PROVIDED MATERIAL:

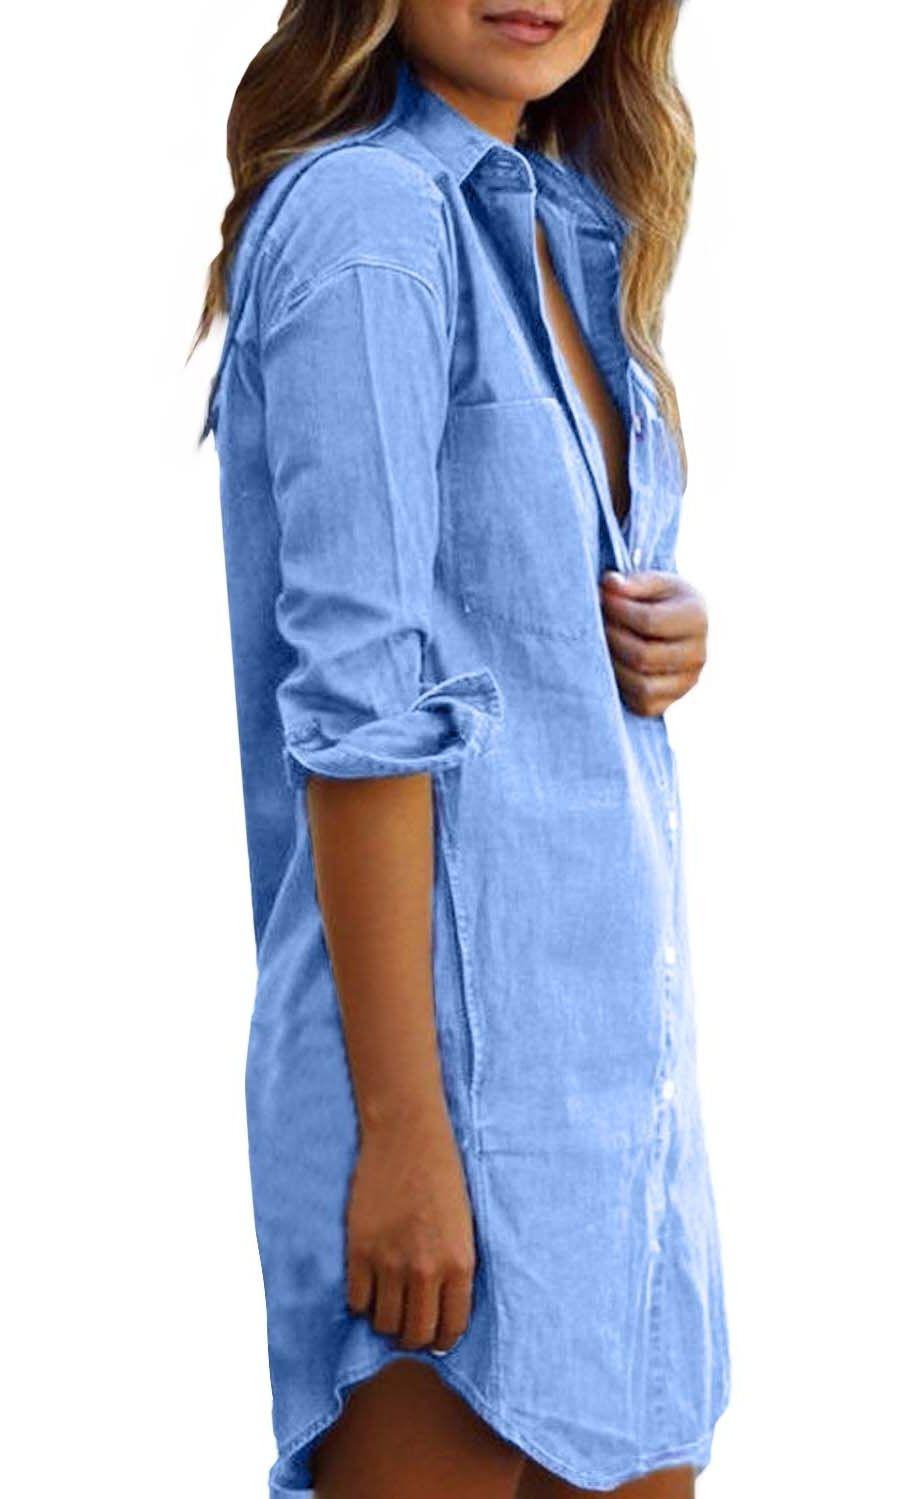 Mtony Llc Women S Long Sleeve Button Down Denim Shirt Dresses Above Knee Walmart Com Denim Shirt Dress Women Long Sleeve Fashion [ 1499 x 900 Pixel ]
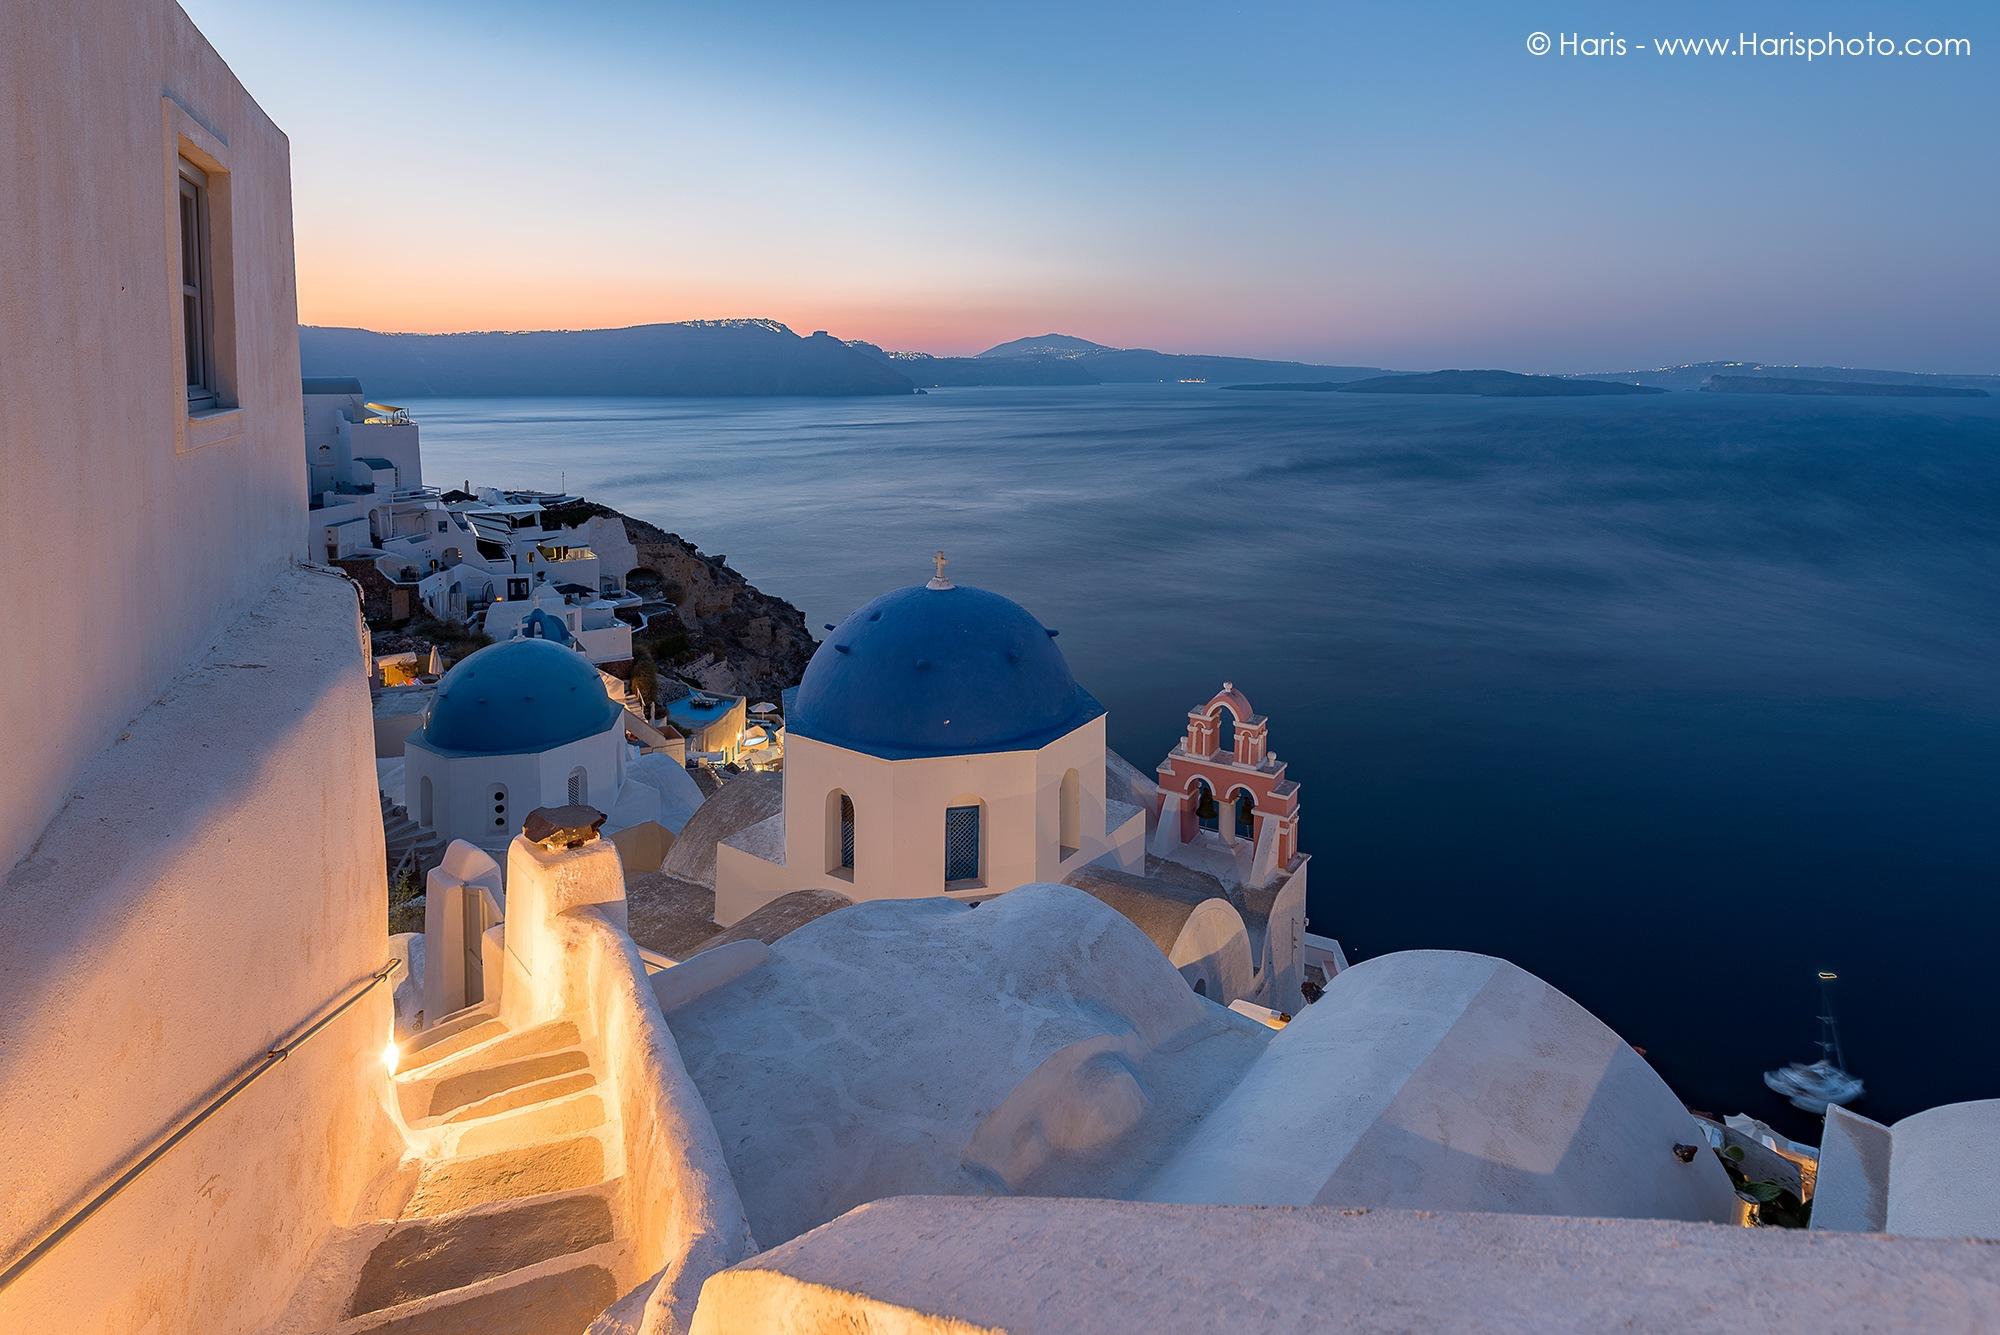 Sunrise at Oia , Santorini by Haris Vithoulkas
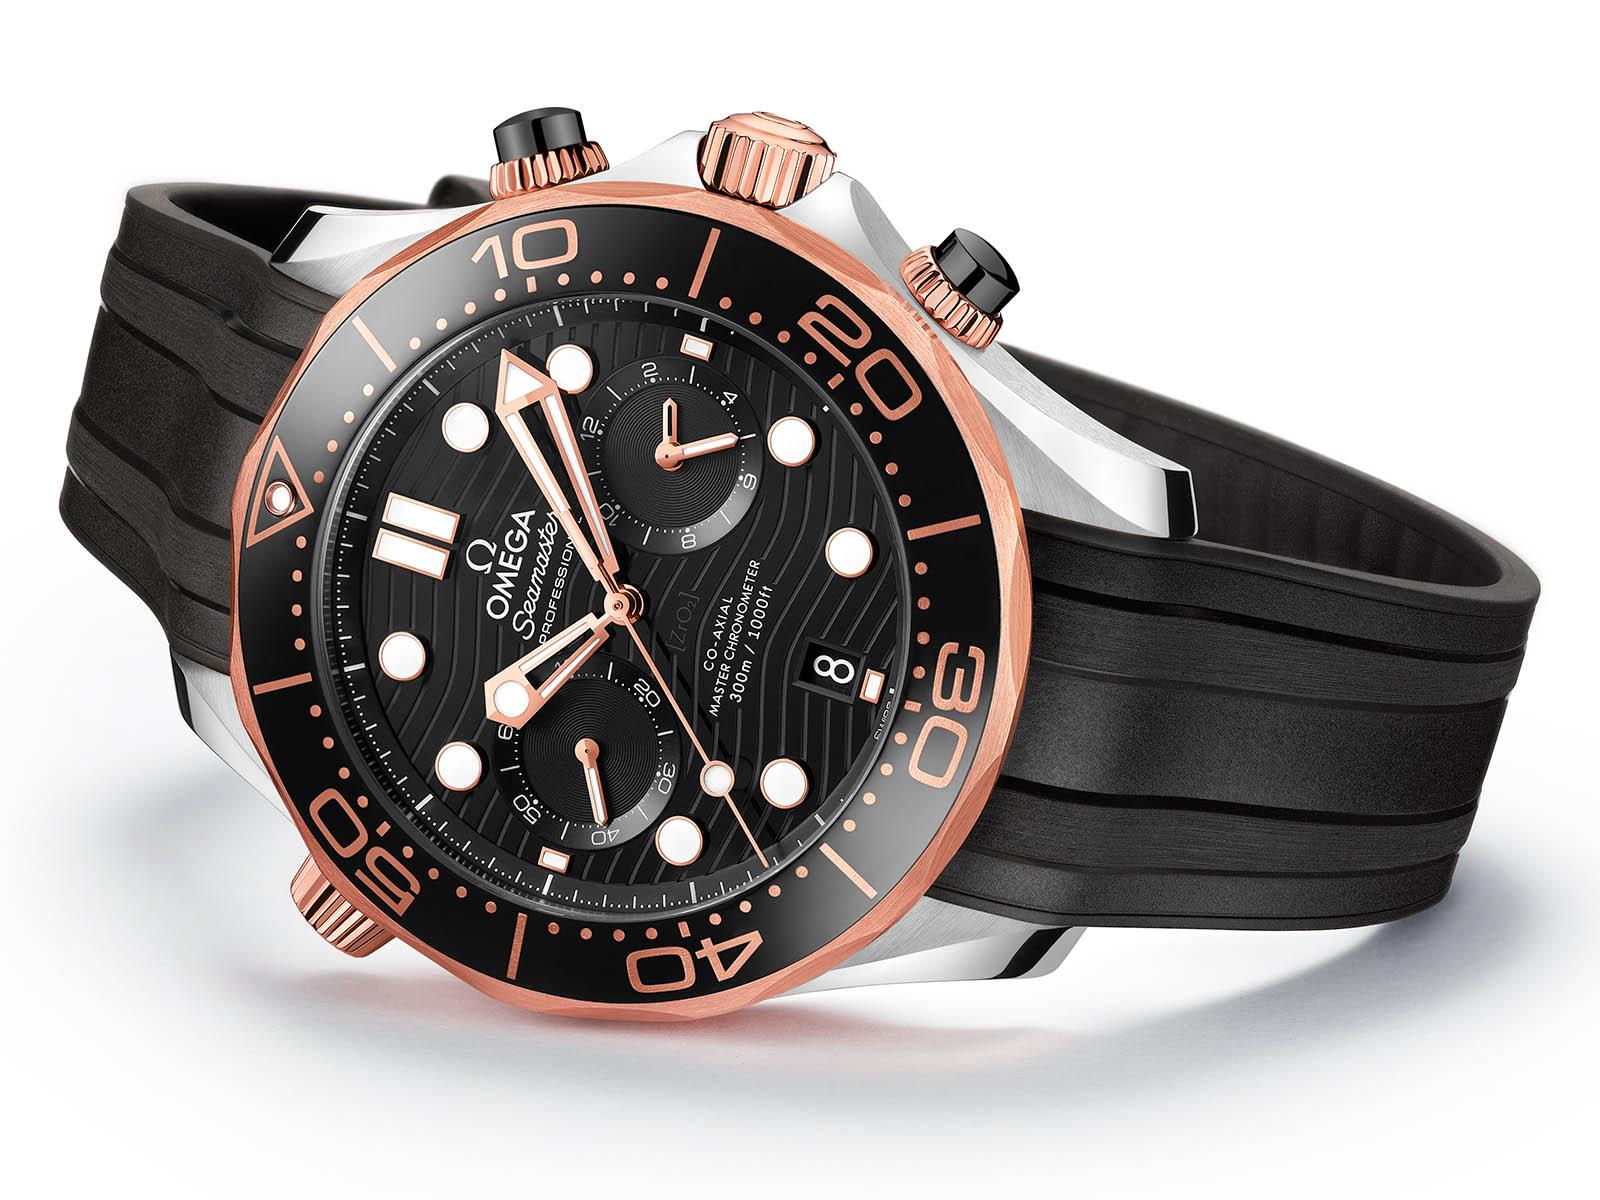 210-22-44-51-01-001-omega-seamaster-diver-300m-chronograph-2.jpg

WORK INSTRUCTION:
Retype exactly, and only, the lines from the one containing "Sunrise at Oia" through the end of the material, leaving aside every picture.

RESULT BELOW:
 Sunrise at Oia , Santorini by Haris Vithoulkas
 210-22-44-51-01-001-omega-seamaster-diver-300m-chronograph-2.jpg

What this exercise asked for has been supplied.